I find it difficult to believe you have missed all the references to soft starting and close rated fusing and all the other references to normal transformer fuse rating when a soft start is not adopted.My F5 was blowing fuses on power-up....................
Fuse value for a transformer or motor ~ THREE times the VA rating divided by the supply voltage.
For a 300VA the fuse required for long term reliable "no blow" start ups is 3.75A use either 3.15A or 4A.
If you adopt soft starting, then you can get away with T1.25A, if you select an appropriate current limiter value for close rated fusing.
4 x 18,000uf per rail is a lot of capacitance especially if it isn't a CRC filter arrangement. I have built several F5's either as monoblocks or stereo in the one box and have never used more than 4 x 10,000 per rail and there is always a resistor of about 0.1 ohm between the first 2 caps and the other 2 (each rail).

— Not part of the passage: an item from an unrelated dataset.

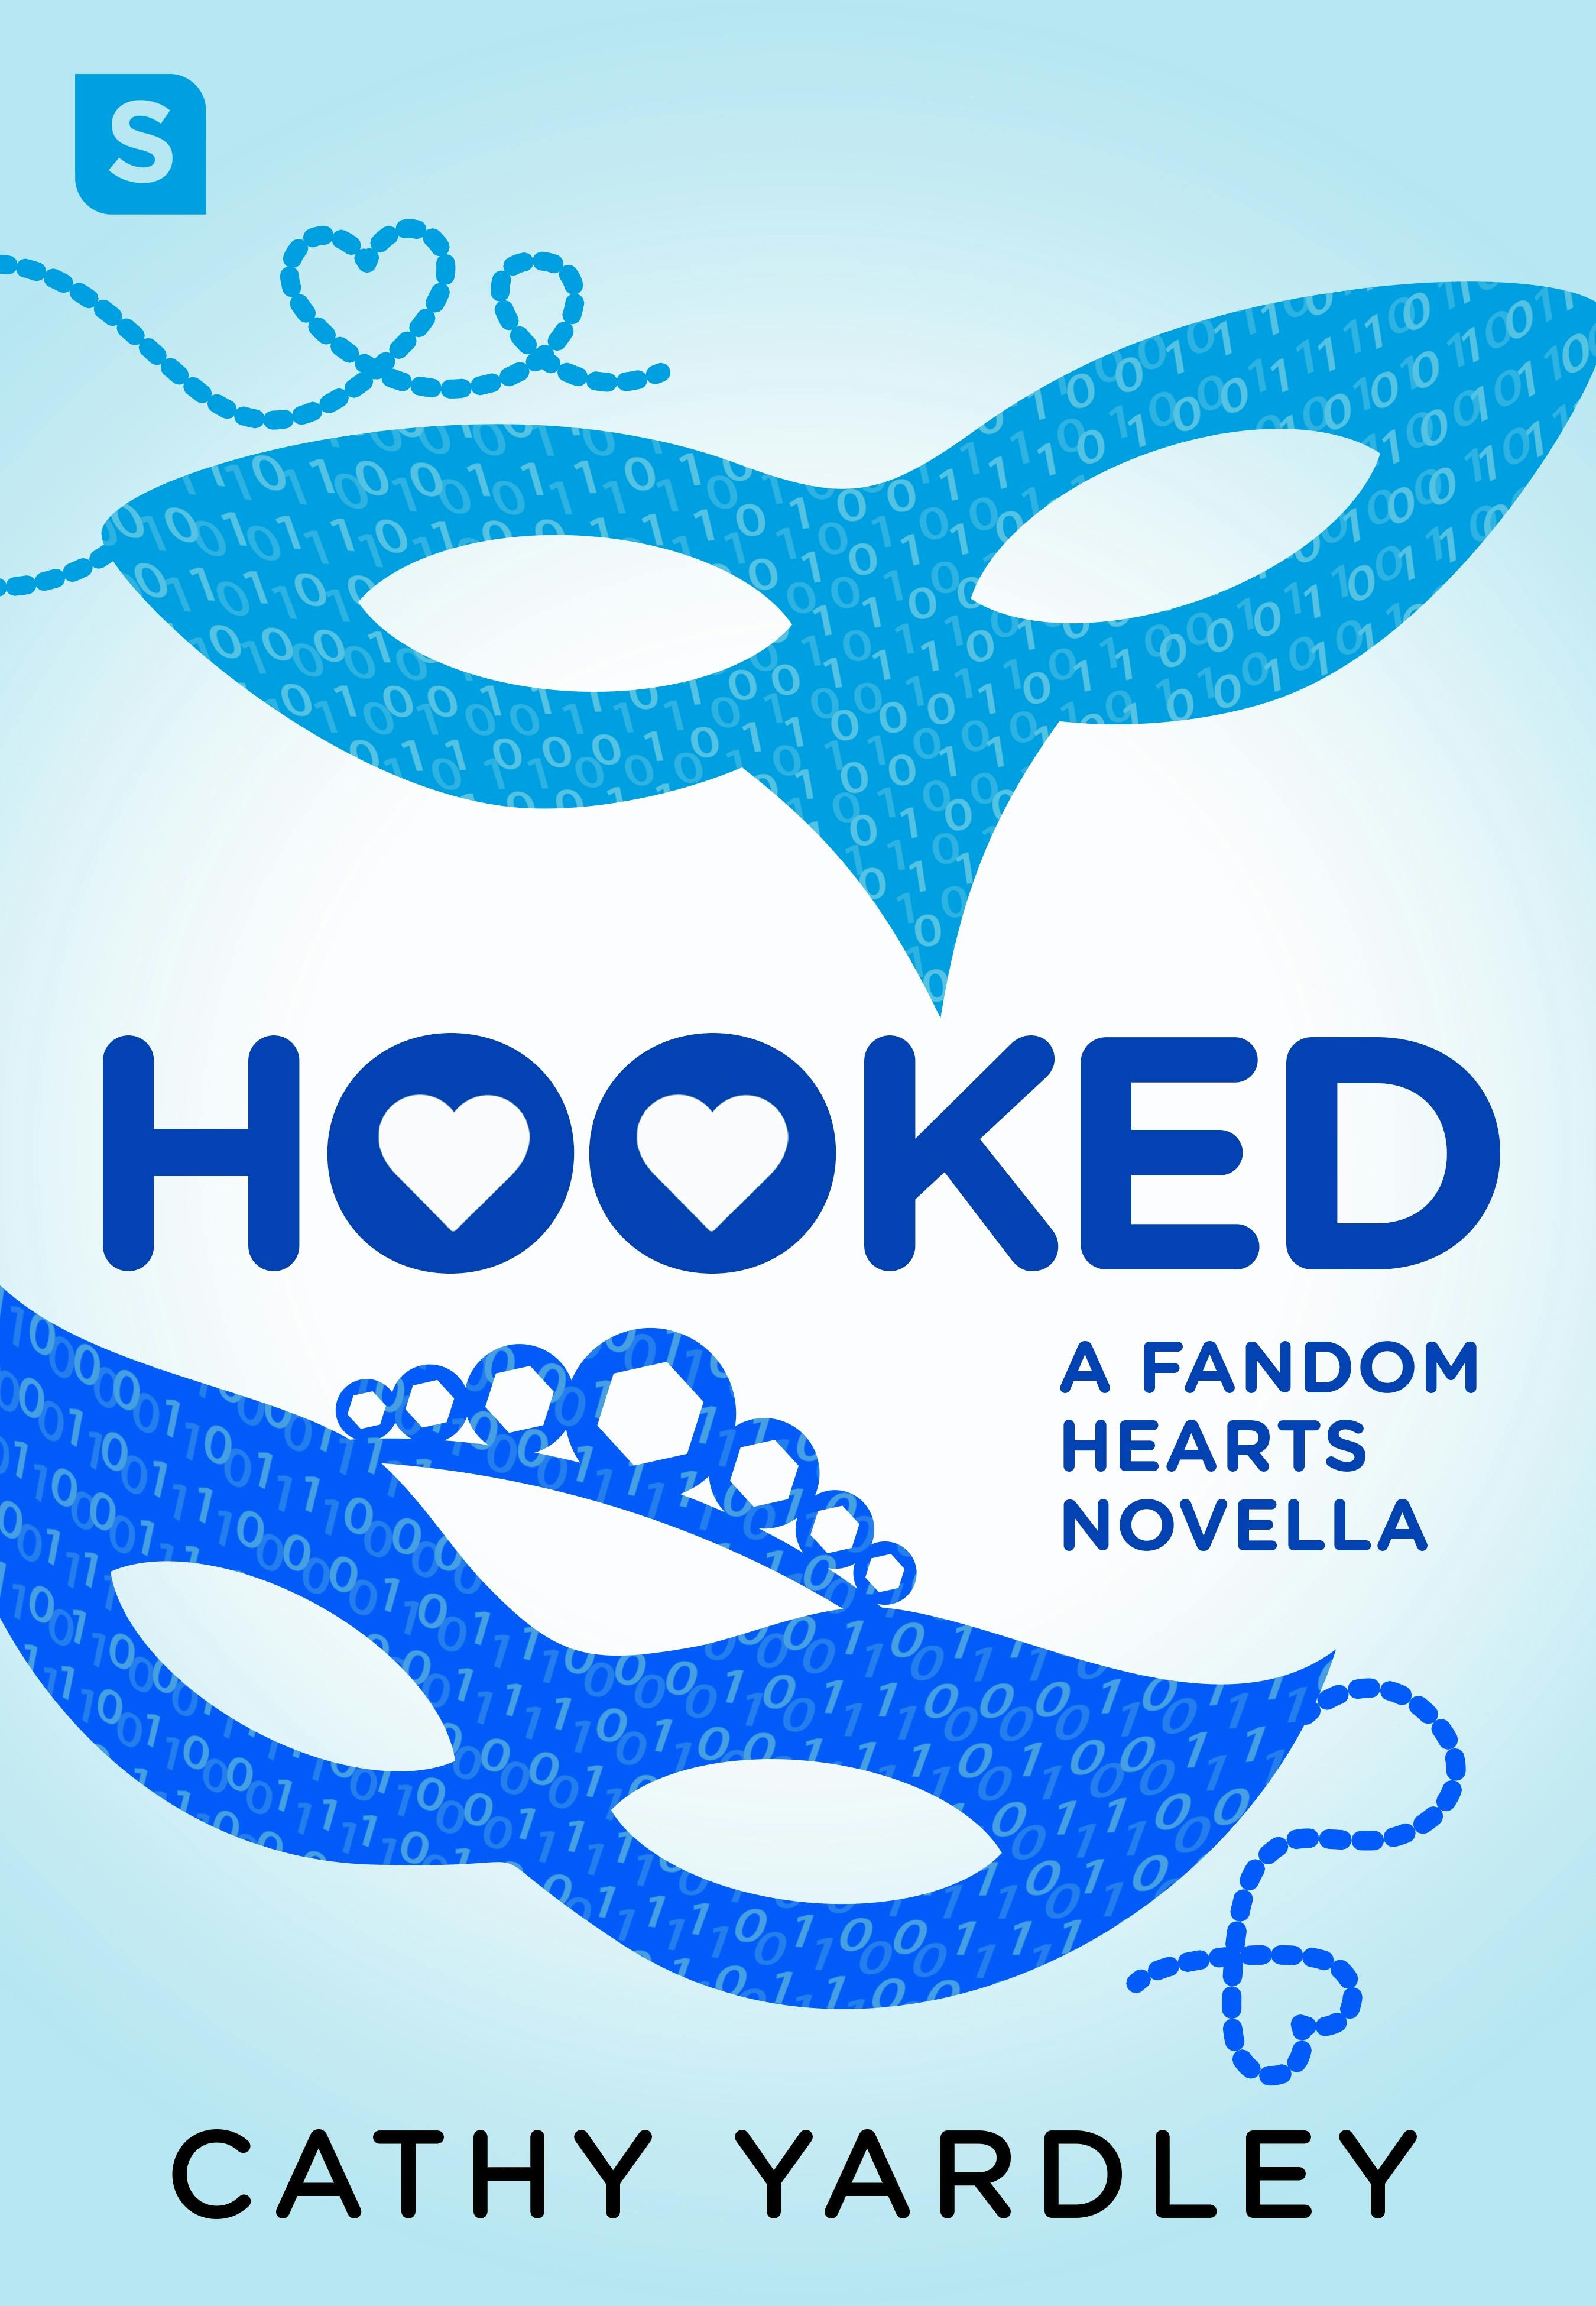 Image of Hooked

The CRC arrangement gives a smoother ripple rather that a slightly triangulated wave which ensures practically no output hum. I've never had problems with fuses. Sounds like a soft start would help. Your speaker leads don't sound like a problem.
Regards, David.
Perhaps I should have mentioned - mine is a CRC:
36,000uF / 0.12R / 36,000uF per rail.
Thanks for your advice.
I find it difficult to believe you have missed all the references to soft starting and close rated fusing and all the other references to normal transformer fuse rating when a soft start is not adopted.
Fuse value for a transformer or motor ~ THREE times the VA rating divided by the supply voltage.

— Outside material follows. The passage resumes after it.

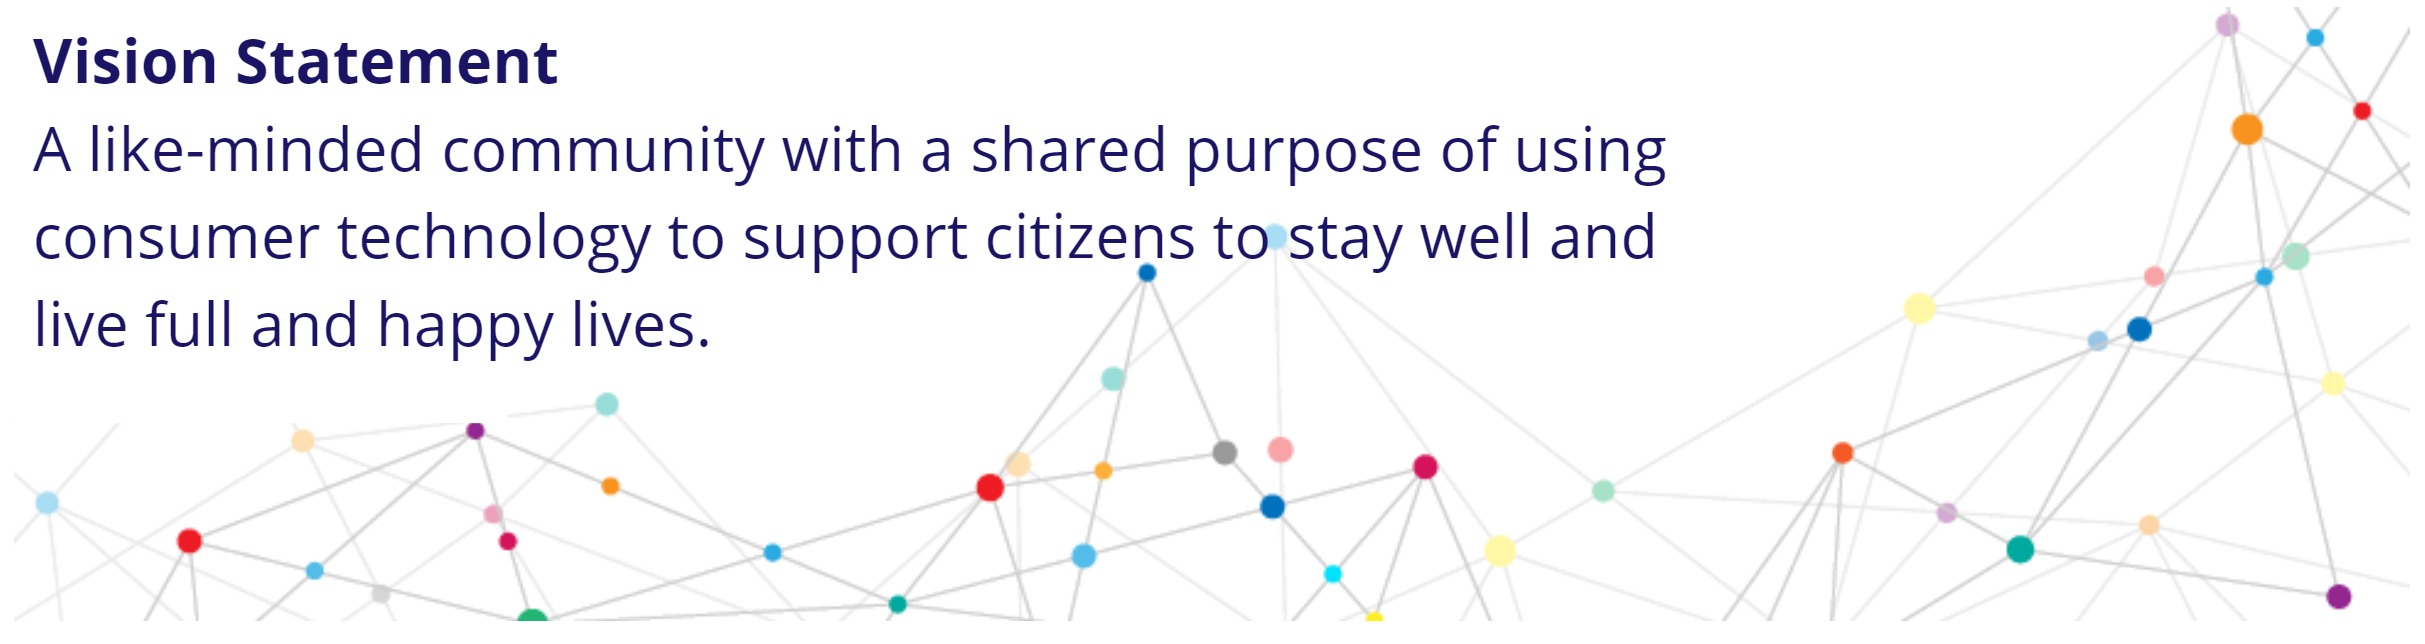 Vision Statement-A like-minded community with a shared purpose of using consumer technology to support citizens to stay well and live full and happy lives.

For a 300VA the fuse required for long term reliable "no blow" start ups is 3.75A use either 3.15A or 4A.
If you adopt soft starting, then you can get away with T1.25A, if you select an appropriate current limiter value for close rated fusing.

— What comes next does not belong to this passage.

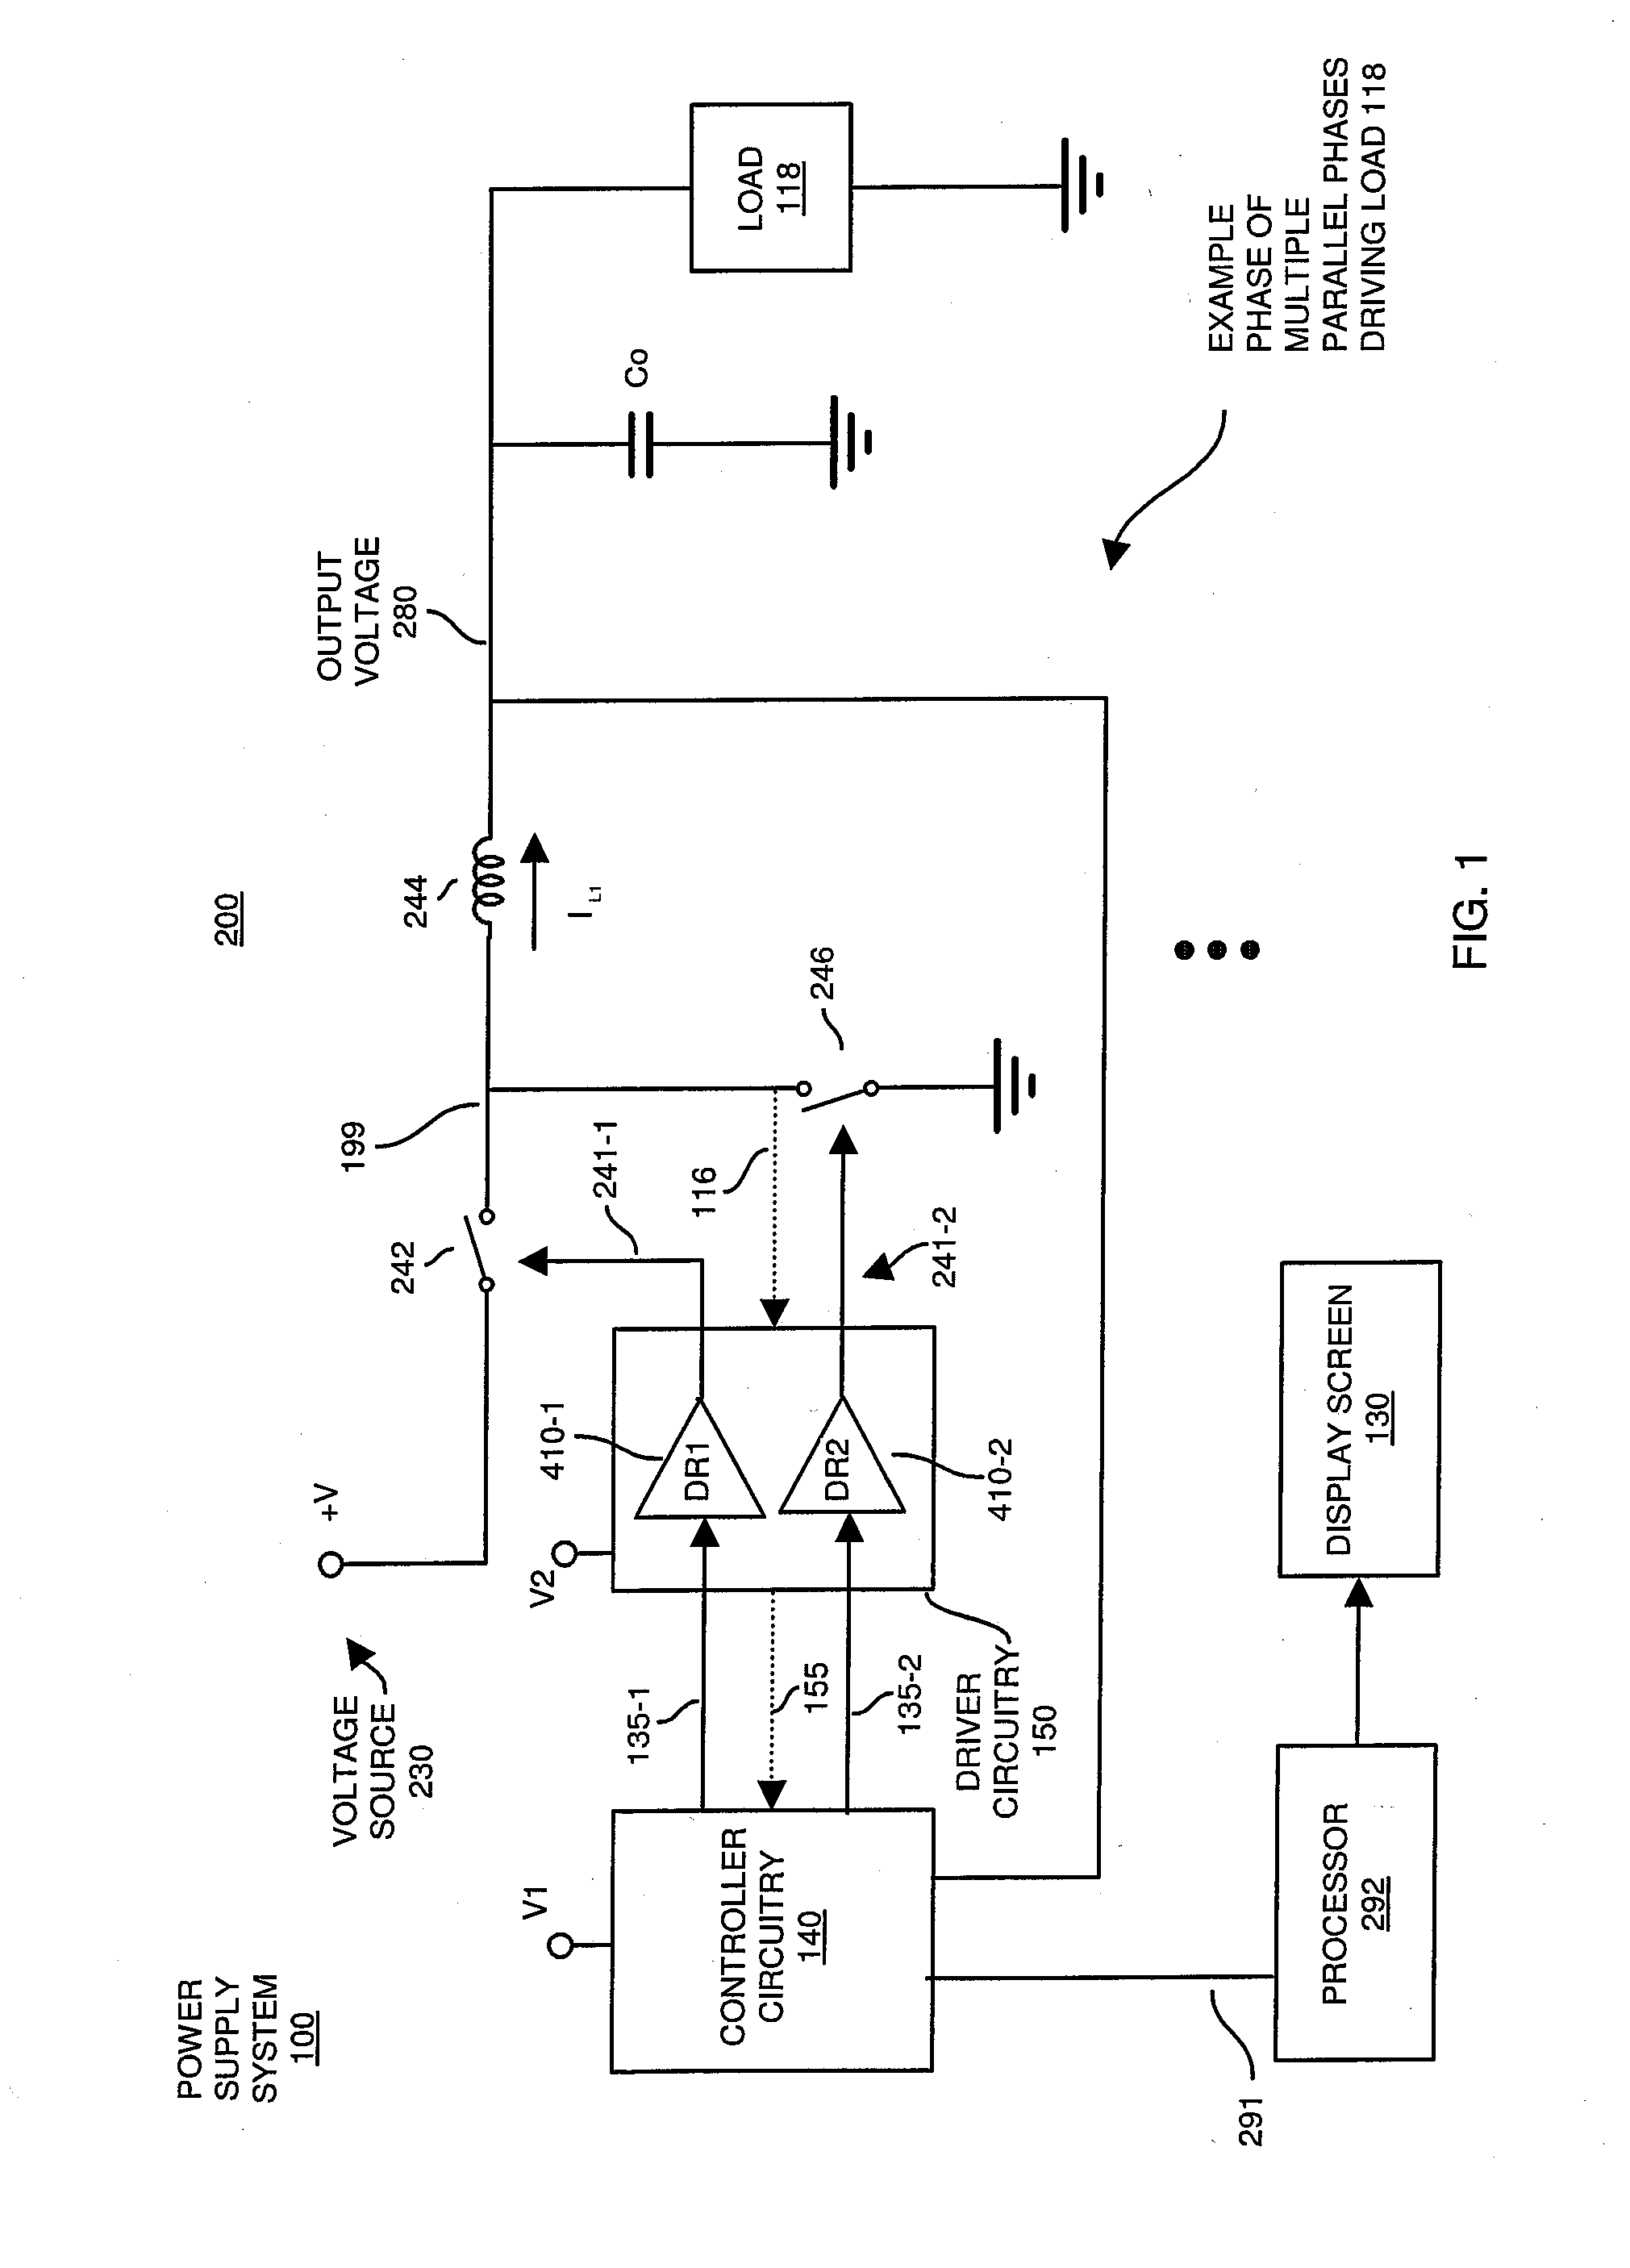 Circuit connectivity and conveyance of power status information

Ahhhhhhh! Now that's useful! The First Watt General Power Supply simply states that it must be a 1.25A fuse, and no other information is given.
I will use a 3.15A fuse and hopefully be done with it, as the amp is silent and works perfectly in all other regards. Many thanks.
How much current will that 3.15A fuse pass without blowing for say 30minutes while you are at the front door trying to persuade some unwelcome caller they are not wanted?
I always recommend close rated fusing. That almost always requires adoption of soft start.
I always recommend close rated fusing. That almost always requires adoption of soft start.
Are you suggesting that 3.15A will not protect anything in the event of a surge, for example, by being too nail-like?
NP is putting CL60 as soft start in his commercial products , meant to be both bullet and idiot proof as much they can ;
is that something telling to you ?
with one CL60 in line , I'm using T4A on 800VA Donut , combined with 8x33mF , in one of my amps , on 220Vac line
never had fuse failure , even in case of black-out ( worst case scenario for sole NTC based soft start)
is that something telling to you ?
with one CL60 in line , I'm using T4A on 800VA Donut , combined with 8x33mF , in one of my amps , on 220Vac line
never had fuse failure , even in case of black-out ( worst case scenario for sole NTC based soft start)
But all seems to be solved by simply adding the higher value fuse. Why complicate things? My amp has nowhere near your huge transformer, or capacitance, and I have a smaller fuse, and all is well.
The 3.15A fuse should stop the cable feeding a faulty F5 from setting fire to the house.
I don't like that. That's why I prefer close rated fusing.
I don't like that. That's why I prefer close rated fusing.
Hi guys...a question on a different topic.
What is the lowest input impedance the F5 can have and still operate properly? Typically it is either 100k or 50k....what about 1k???
Don't be concerned about the pre-amp having to drive the 1k load....Just consider the F5 here.
What is the lowest input impedance the F5 can have and still operate properly? Typically it is either 100k or 50k....what about 1k???
Don't be concerned about the pre-amp having to drive the 1k load....Just consider the F5 here.